**Data extracts:**
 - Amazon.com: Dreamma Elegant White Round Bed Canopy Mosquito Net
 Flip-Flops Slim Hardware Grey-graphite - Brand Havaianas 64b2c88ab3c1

--

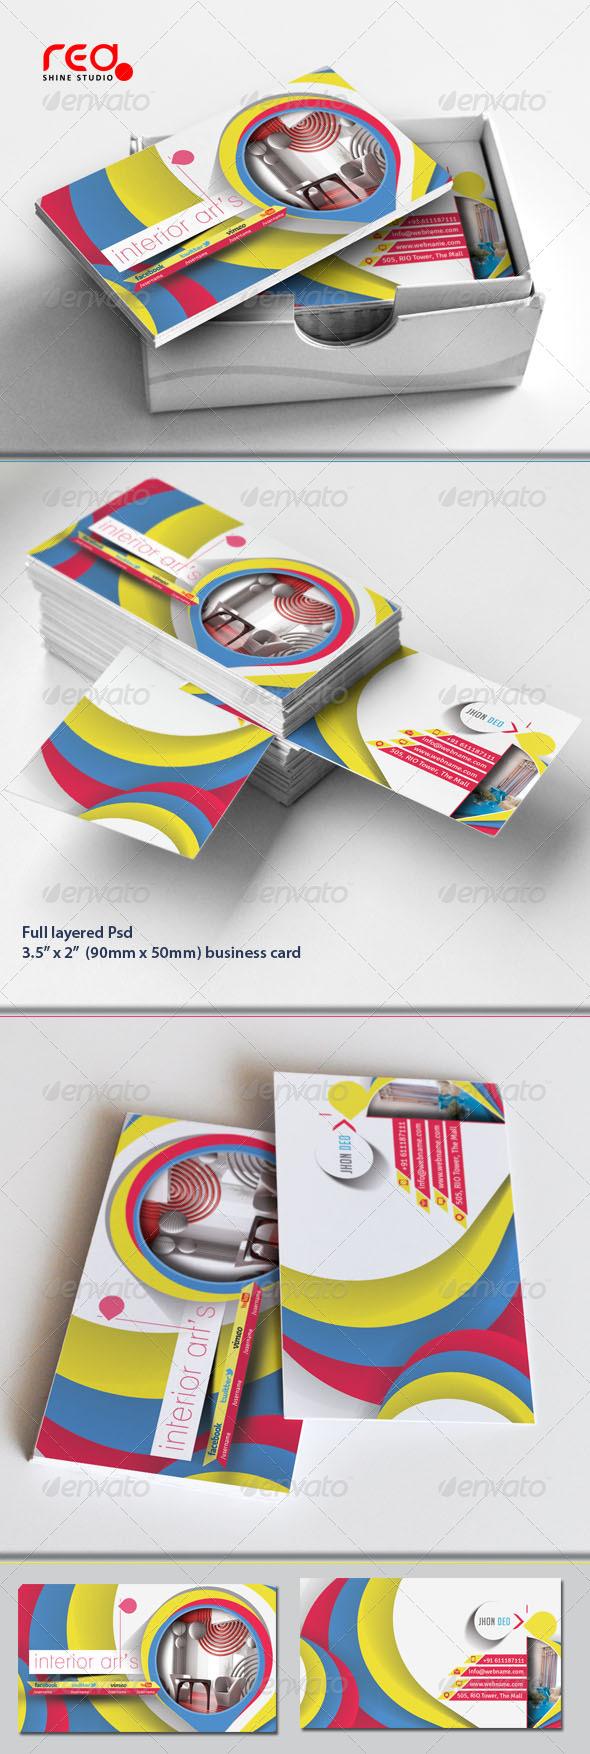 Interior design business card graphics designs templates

---

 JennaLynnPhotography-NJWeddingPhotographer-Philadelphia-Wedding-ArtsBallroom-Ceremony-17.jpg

**Description of the task:** Only the lines above from the one with "- Amazon.com: Dreamma" through the one with "Flip-Flops Slim Hardware" should be duplicated, character for character.

**Response area:**
 - Amazon.com: Dreamma Elegant White Round Bed Canopy Mosquito Net
 Flip-Flops Slim Hardware Grey-graphite - Brand Havaianas 64b2c88ab3c1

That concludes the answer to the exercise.